This left France in the uncomfortable and ultimately untenable position of trying to uphold this European order, which she indeed did by trying to encircle Germany. Britain was anything but a wholehearted partner in this venture - British policy came to be marked by increasing doubts about the tenability and legitimacy of the Versailles order, as well as considerable misgivings about the strength of the French position in Europe, which was also reflected in her policy vis-a-vis Germany. Within 5 years, with the Munich agreement, Hitler had shattered that order and reestablished Germany as the strongest state in Europe.

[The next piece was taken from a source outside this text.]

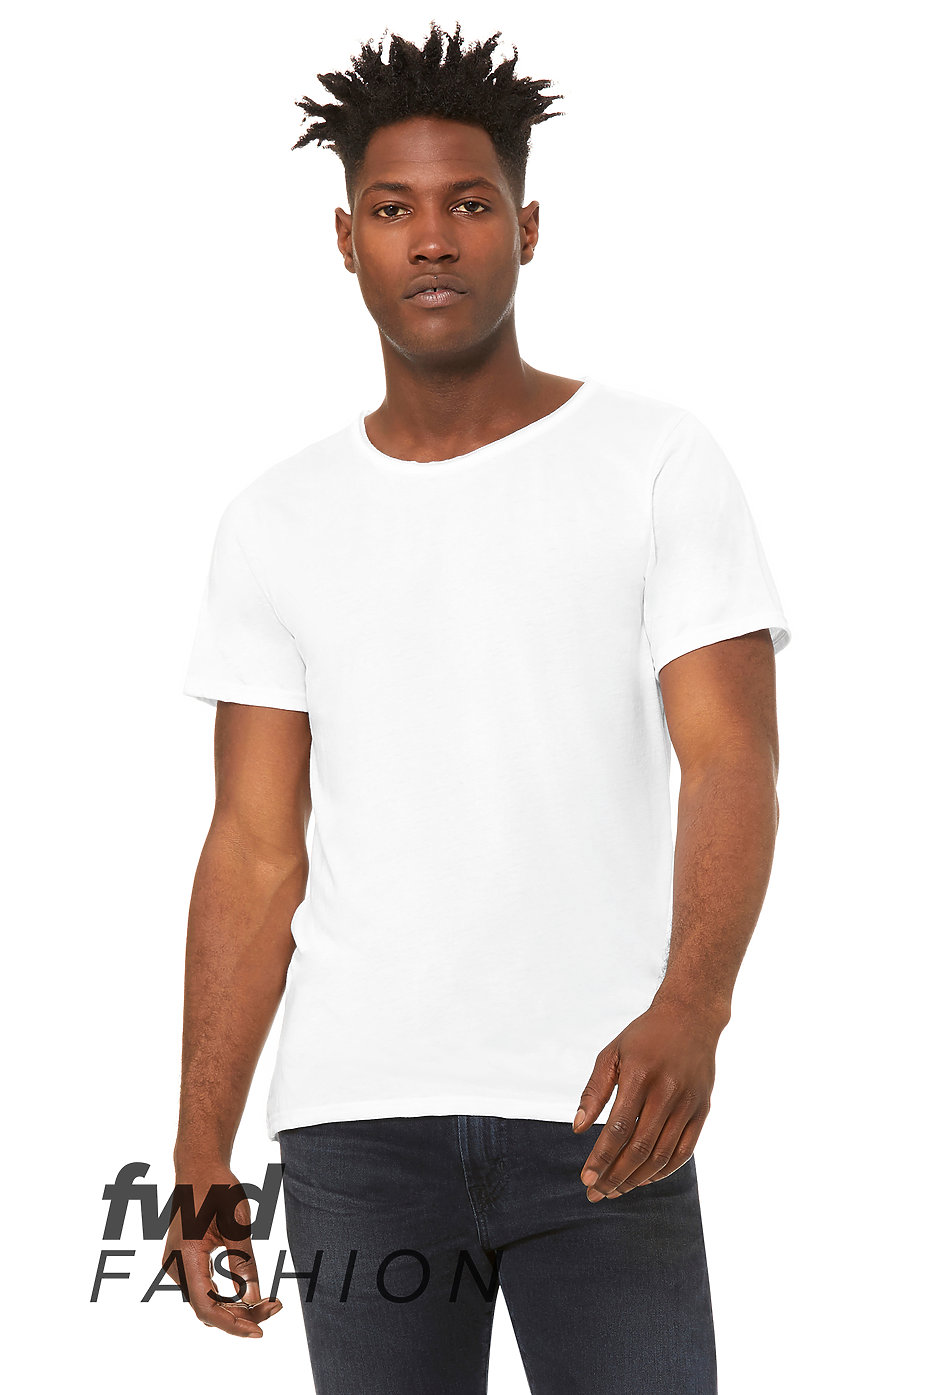 Paradox viering rekenkundig Tri Blend T Shirts | Unisex Tri Blend Shirt | Mens Wholesale Clothing |  Fast Fashion | BELLA+CANVAS ®

What made this possible was a considerable degree of sympathy for the German position. And it is easy to see why. Had I been, say, a top civil servant in the German MFA in the interwar years, I would have wholeheartedly supported the reinclusion of the Saarland, demilitarisation of the Rhineland, reintroduction of conscription, the discontinuance of reparations and a general ambition to re-establish Germany as a military power of a strength commensurate with her potential. The absorption of Austria, Danzig and the Sudetenland into the Reich, and the elimination of the Polish corridor, I would have considered just and worthwhile goals. All of these were rational political goals of any German state leadership, party politics aside. And if Hitler had aimed at nothing more than that, WWII could reasonably have been interpreted as a tragic mistake, much along the same lines as WWI. However, he did. Which brings me to:
As I've tried to explain on another thread, it is not merely the *reversal* of Versailles, or 1914 borders or whatnot, but the reversal of what Versailles entails. And that is a means to encircle Germany diplomatically and contain Germany economically and to prevent her from reclaiming superpower status.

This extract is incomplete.